Children can bring out the best or the worst in their parents, and Ken Thom has seen both.
To help parents show their best more often, Mr. Thom, a Christian counselor based in Maryville, Mo., has created a parent-training course. The course combines the Bryan Post stress model, which was designed to explain the root cause of problematic behavior, and principles from a book — “Beyond Consequences, Logic, and Control” by Heather Forbes — that teaches parents to connect with their children by forming relationships based on love rather than fear.
Mr. Thom also saw parallels between principles expressed in the book and those given in 1 Corinthians 13, so he incorporated this Bible passage into his curriculum, as well.
“With my knowledge, people can only go so far,” he says. “But put the word of God in their lives, and they can create changes that are long-lasting.”
Mr. Thom began teaching his second 10-week session of the course last month. It takes place from 6 to 8 p.m. each Tuesday at Northwest Technical School in Maryville, and he says it’s not too late for anyone interested to sign up. The cost is $20 per person or $30 per couple. For more information, go online to kenthomcounseling.com.
At the core of what he teaches is the importance of parents addressing their own issues — possibly some from how they were raised that lie dormant until their child somehow brings them out — and achieve emotional stability before dealing with their child, Mr. Thom says. This stability will enable them to connect with their child, he adds, and will make their child feel secure in the relationship.
It’s also a beginning to a relationship that “isn’t all about consequences and rules and sticker charts,” he says.
“A relationship based on fear tactics just isn’t as effective,” as one based on love, he adds. “Kids may comply for a while, but it’s not the same as in a love-based relationship.”
Those in his course now run the gamut from couples having significant problems with their children to ones with just a few minor issues, and he believes the principles he teaches work in situations at both extremes. He’s also received feedback from people who already have been through the course, including one who called it the “best, hardest work on parenting I have ever done” and another who said, “I cannot believe how much better our home environment is since I have been practicing regulatory skills! I had no idea the impact I had on my family.”
But Mr. Thom isn’t surprised how much improvement parents can see when they model biblical teaching.
“The New Testament talks about how God created us to be in relationship with him and how God reaches out in love,” he says. “Parents need to do the same with their children.”
Lifestyles reporter Erin Wisdom can be reached at ewisdom@npgco.com.
I agree with this article, to a degree.
Putting the fear of God in kids today wouldn't hurt them a bit.

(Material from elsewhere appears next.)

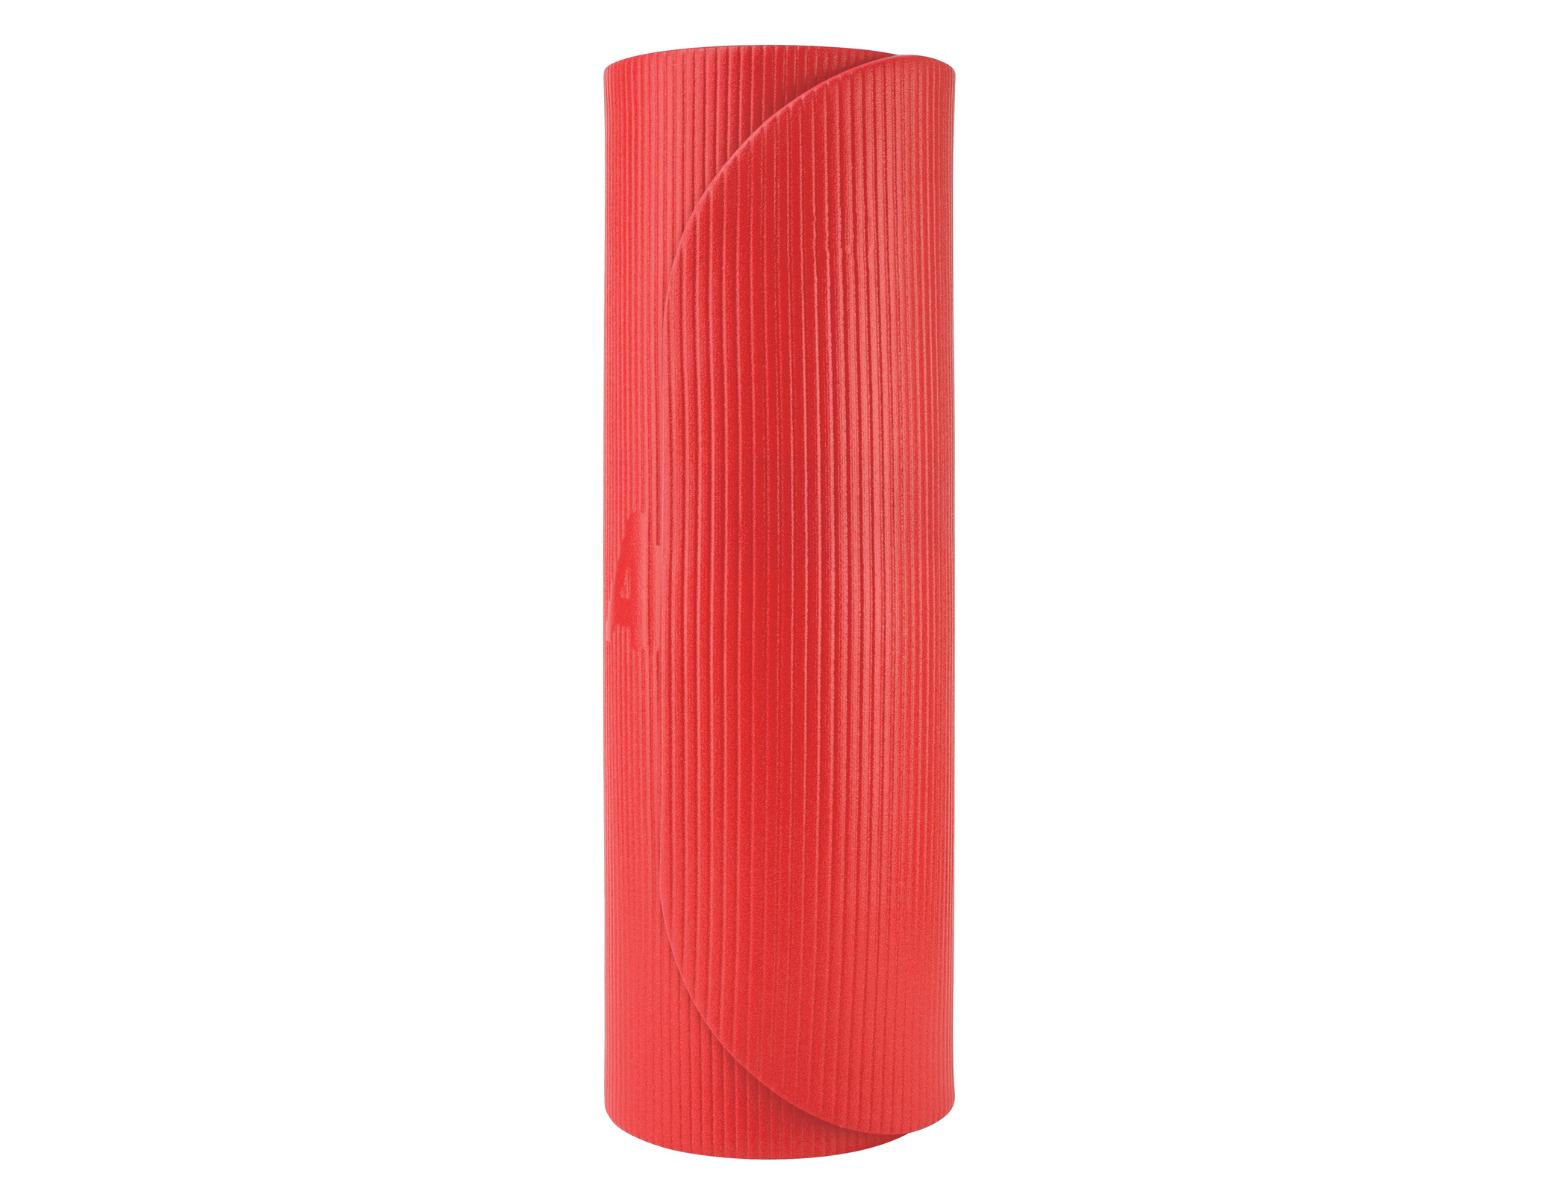 Airex tapis Coronella - 200 x 60 x 1,5 cm - rouge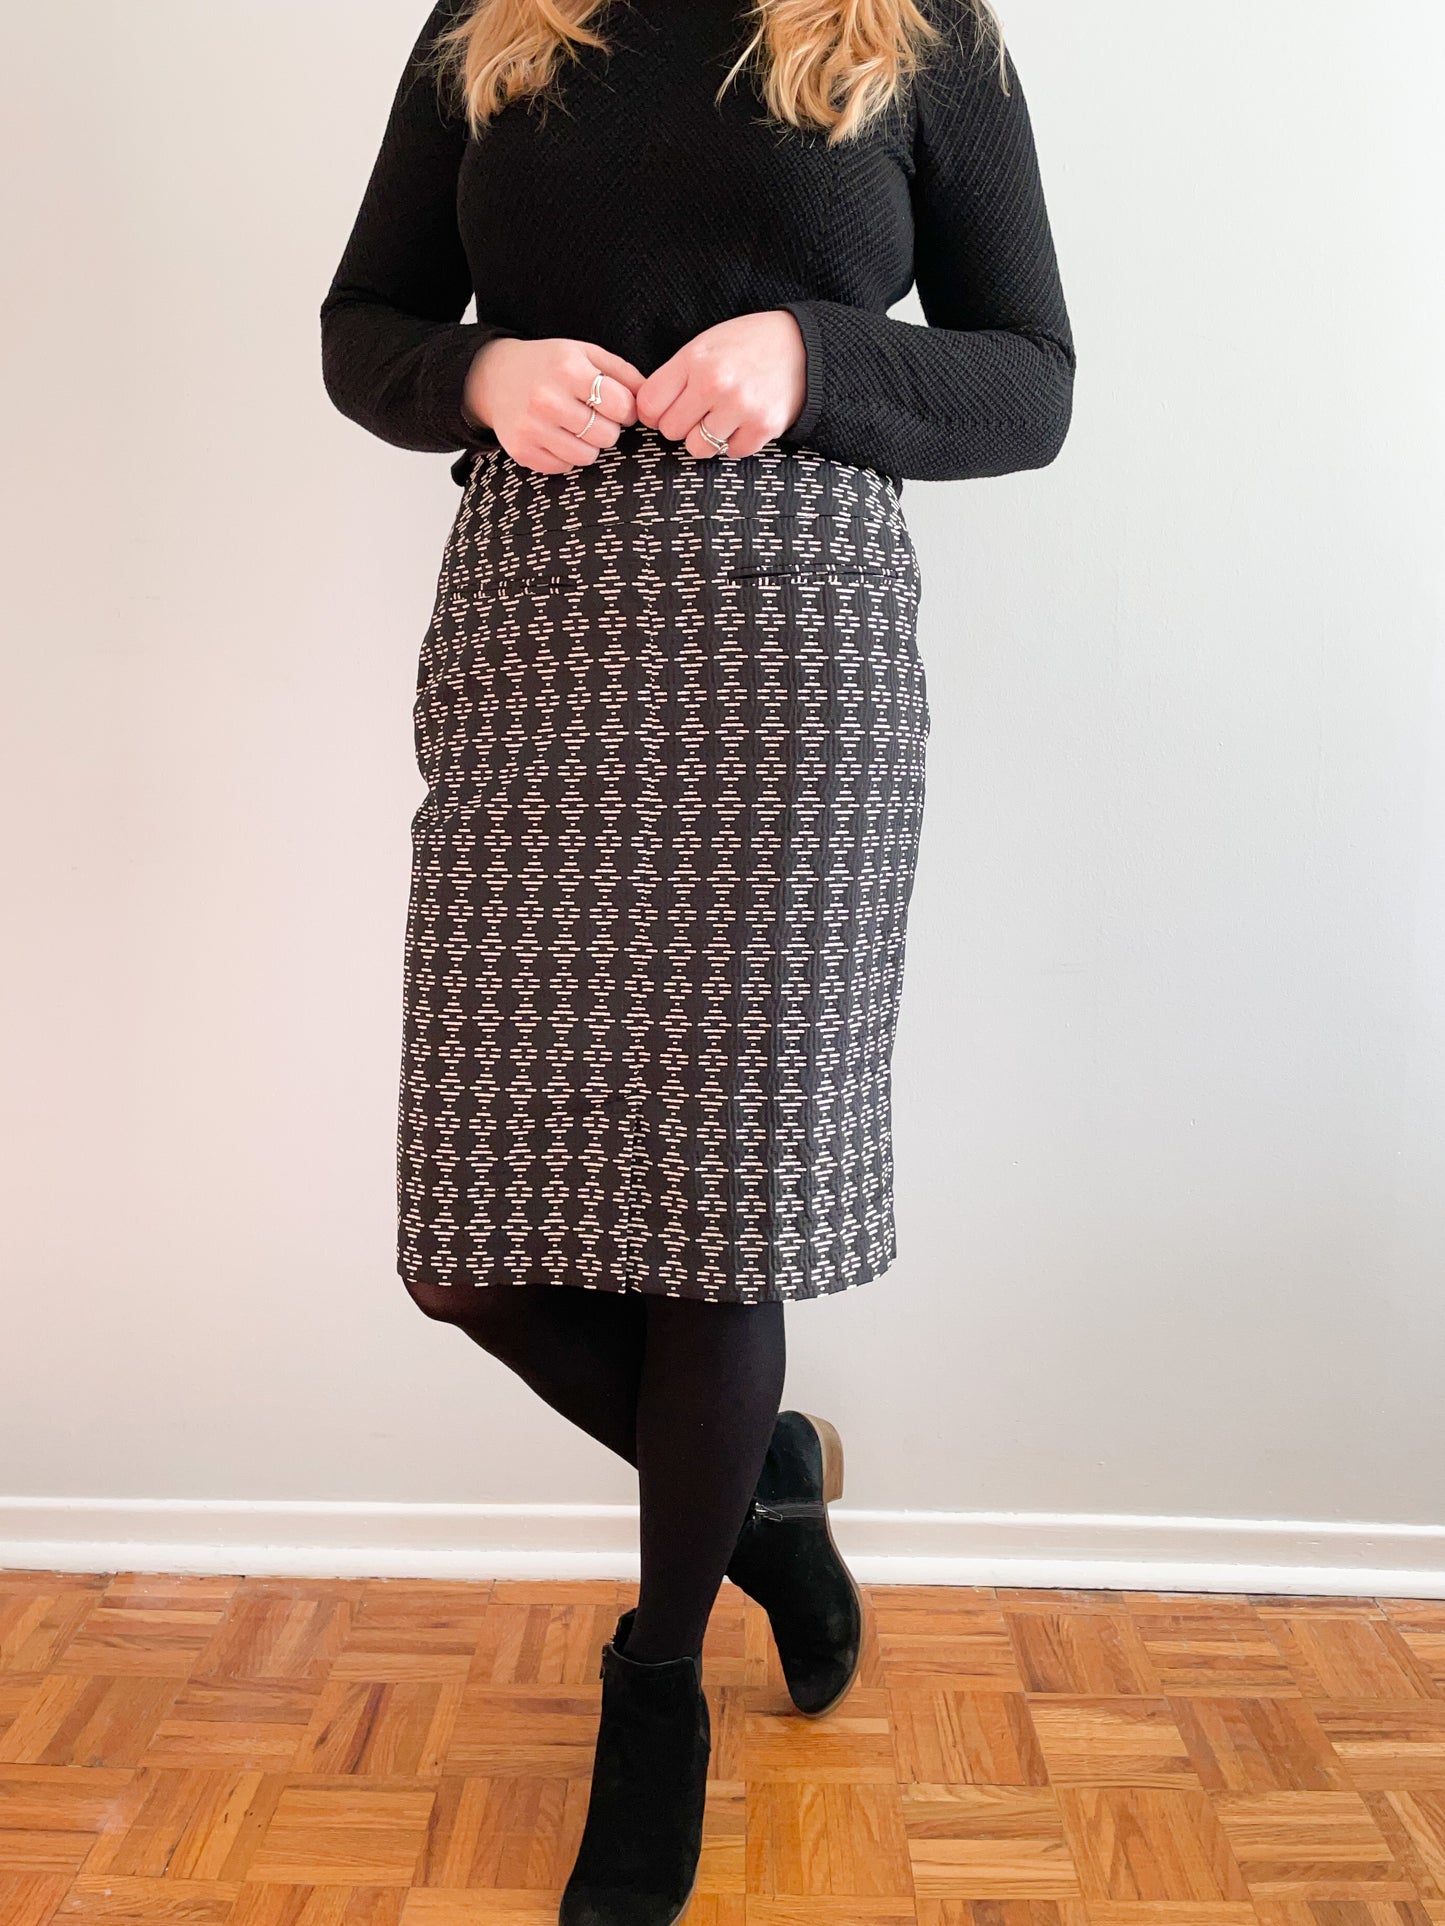 Black & White Cotton Pencil Skirt - Size 6/8

i agree, when i was misbehaving in knew the cost. a yelling session would ensue, and i would get to go back out an repeat whatever it was i wasn't supposed to do. until one day, my dad had enough, i got the belt. he regrets it now, but i will say this. i no longer acted out of line. i started getting better grades, quit fighting, started singing louder in church, and gained a new respect for my parents and what they wanted for me. sometimes corporal punishment is needed. it does not mean that parents do not love their children. do some parents have some difficulty using restraint? obviously so, or this would be a non-issue. have i spanked my children? yes. do i regret it, no, my only regret is that i had to resort to that level of punishment to reduce the undesired behavior. do my children continue to test me, yes, but they know there are limits. children want limits, they need limits, and they constantly test parents to find them. that is normal behavior. i expect nothing less from my kids. however my children are sacred to me. they are the reason i do what i do every day of my life. and will continue to be so. however will i feel the need to spank them if needed? i hope i never have to find out.
I believe that the relationship you have with your own father will be the kind of relationship you have with God the Father. I have struggled greatly with this as my father wasn't so great, he loved me but had an inner hatred of himself that carried over into all aspects of his life.
People spend so much time & money giving their children everything they didn't have but is that helping our children? We shouldn't worry about making our kids happy, we need to concentrate on building character. when they make mistakes you have to teach them what real men & women do.
Example: if your son comes home with new shoes and you discover he stole them, don't just tell them stealing is wrong, you take them by the hand to the store, make them return the shoes and apologize. There are consequences and children need to learn.
I just hope they grow up to be productive adults with a good work ethic and a lot of love in their hearts.
And to the little old lady who saw me telling my kids no in the line at walmart...no I don't need the super nanny!!! But thanks for the support!